L’arrêté ordonnant le placement en rétention administrative de M. [E] indique en effet que son comportement est de nature à troubler l’ordre public de manière grave et actuelle au regard notamment des faits ayant justifié son placement en garde-à-vue.
Cependant, le premier juge a relevé à juste titre que M. [E] présentait des garanties de représentation, en ce qu’il a déclaré une adresse et a produit une facture d’Engie attestant qu’il est titulaire d’un contrat d’électricité pour son domicile [Adresse 1] ; qu’il a produit également un récépissé qui atteste qu’il a bien remis sa carte nationale d’identité polonaise valide jusqu’au 01/08/2027 à la Préfecture du Haut-Rhin ; que par ailleurs, il ressortait du dossier qu’il s’est conformé à la première obligation de quitter le territoire français dont il faisait l’objet.
De même, l’intéressé a été relaxé des faits qui lui étaient reprochés dans le cadre de la garde à vue dont il faisait l’objet.
C’est à juste titre que le premier juge a retenu que le seul fait qu’il a été condamné le 19 octobre 2021 à la peine de 5 mois d’emprisonnement pour des faits de conduite sans permis et outrage et menace à l’encontre d’une personne dépositaire de l’autorité publique ne permettait pas de considérer qu’il représente une menace actuelle pour l’ordre public.
Il n’est en rien justifié qu’il a fait l’objet de plusieurs signalements et de procédures en cours et une convocation le 30 mai prochain pour répondre d’une part des faits de violence sur agent de sécurité et d’outrage à personne dépositaire de l’autorité publique ne permet pas de préjuger de sa culpabilité et donc de sa dangerosité potentielle.
L’ordonnance déférée sera en conséquence confirmée.
PAR CES MOTIFS :
DÉCLARONS l’appel de M. LE PREFET DU HAUT-RHIN recevable en la forme ;
au fond, le REJETONS ;
CONFIRMONS l’ordonnance rendue par le juge des libertés et de la détention du tribunal judiciaire de Strasbourg, statuant en qualité de magistrat du siège, le 11 Février 2025 ;
RAPPELONS à l’interessé qu’il a l’obligation de quitter le territoire français ;
PERMETTONS à l’interessé de récupérer ses affaires personnnelles ;
Prononcé à [Localité 2], en audience publique, le 12 Février 2025 à 14h25, en présence de
— Maître Raphaël REINS, conseil de M. [T] [E]

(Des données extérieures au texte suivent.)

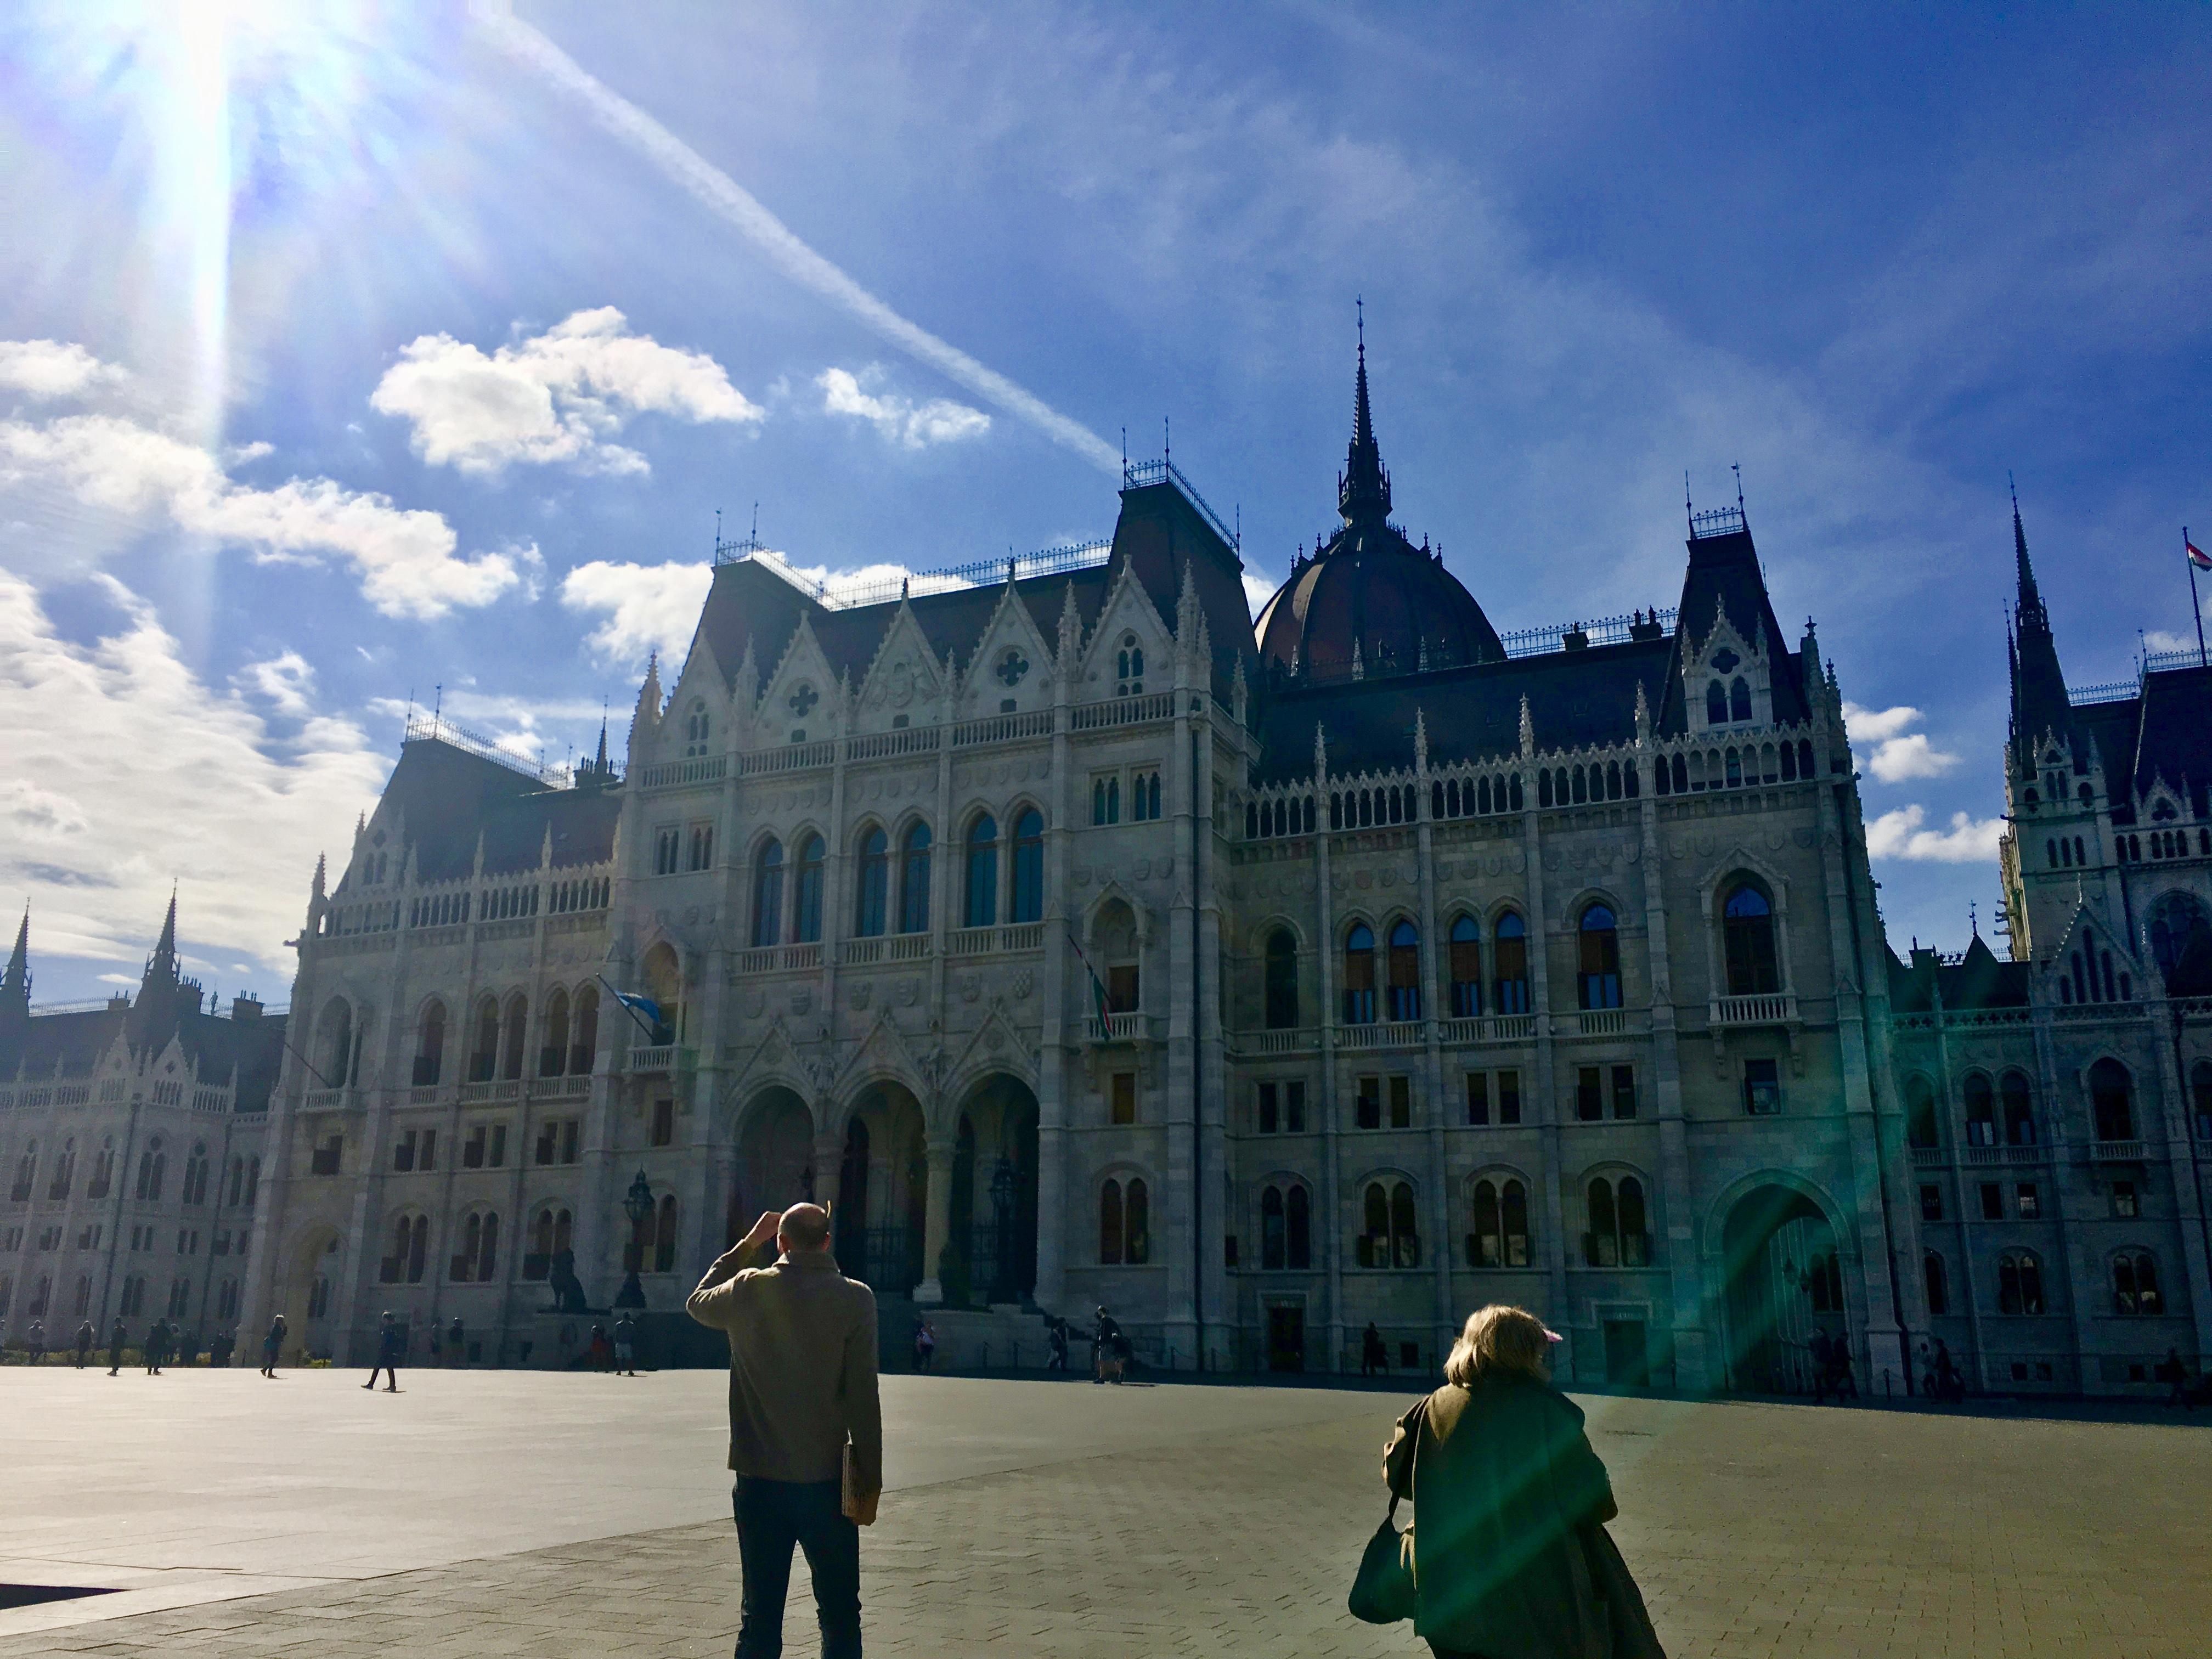 ブダペスト滞在☆ちょこっとお散歩したりモールでショッピングしたりな日
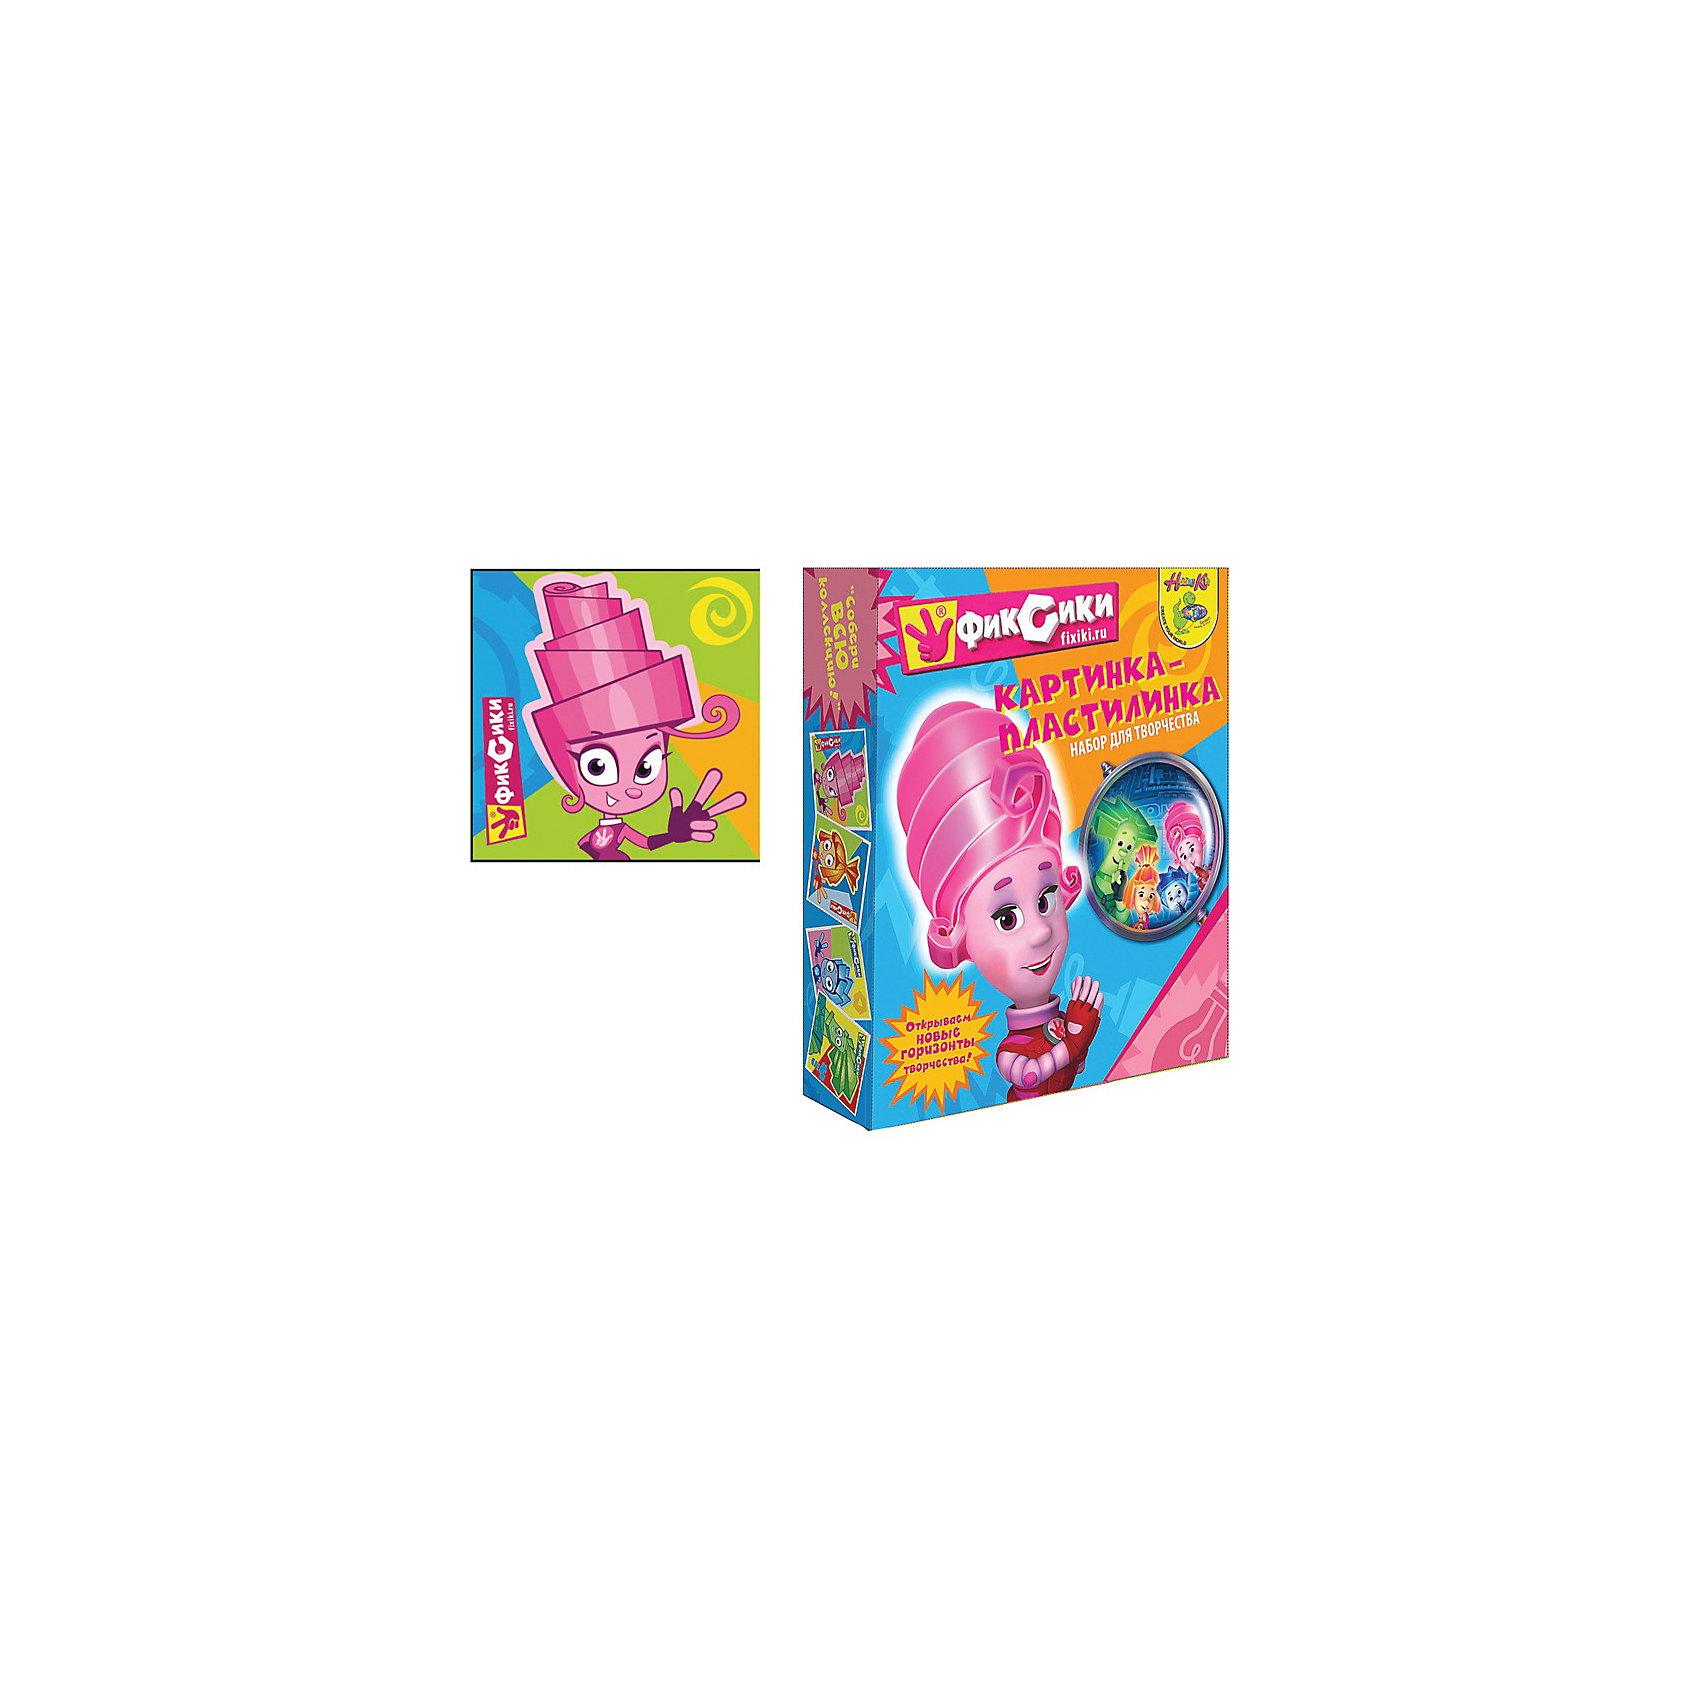 Картинка-пластилинка ФиксикиКартинка-пластилинка Фиксики способствует развитию мелкой моторики Вашего малыша и научит его восприятию цветов и их сочетаний!<br><br>Дополнительная информация:<br><br>В наборе: 10 цветов пластилина, стек, картинка с изображением Мамы-маси.<br>Количество цветов: 10.<br><br>Станет прекрасным развивающим подарком любому ребенку!<br><br>Ширина мм: 50<br>Глубина мм: 225<br>Высота мм: 185<br>Вес г: 300<br>Возраст от месяцев: 36<br>Возраст до месяцев: 156<br>Пол: Унисекс<br>Возраст: Детский<br>SKU: 3289537

Le greffier, Le président,
reçu notification et copie de la présente,
le 12 Février 2025 à 14h25
l’avocat de l’intéressé
Maître Raphaël REINS
l’intéressé
M. [T] [E]
non comparant
l’avocat de la préfecture
non comparant
EXERCICE DES VOIES DE RECOURS :
— pour information : l’ordonnance n’est pas susceptible d’opposition,
— le pourvoi en cassation est ouvert à l’étranger, à l’autorité administrative qui a prononcé le maintien en zone d’attente ou en rétention et au ministère public,
— le délai du pourvoi en cassation est de deux mois à compter du jour de la notification de la décision, ce délai étant augmenté de deux mois lorsque l’auteur du pourvoi demeure à l’étranger,
— le pourvoi en cassation doit être formé par déclaration au Greffe de la Cour de cassation qui doit être obligatoirement faite par un avocat au Conseil d’Etat et à la Cour de cassation,
— l’auteur d’un pourvoi abusif ou dilatoire peut être condamné à une amende civile,
— ledit pourvoi n’est pas suspensif.
La présente ordonnance a été, ce jour, communiquée :
— au CRA de [Localité 3] pour information
— à M. [T] [E] par LRAR
— à Maître Raphaël REINS
— à M. LE PREFET DU HAUT-RHIN
— à la SELARL CENTAURE AVOCATS
— à M. Le Procureur Général près la Cour de ce siège.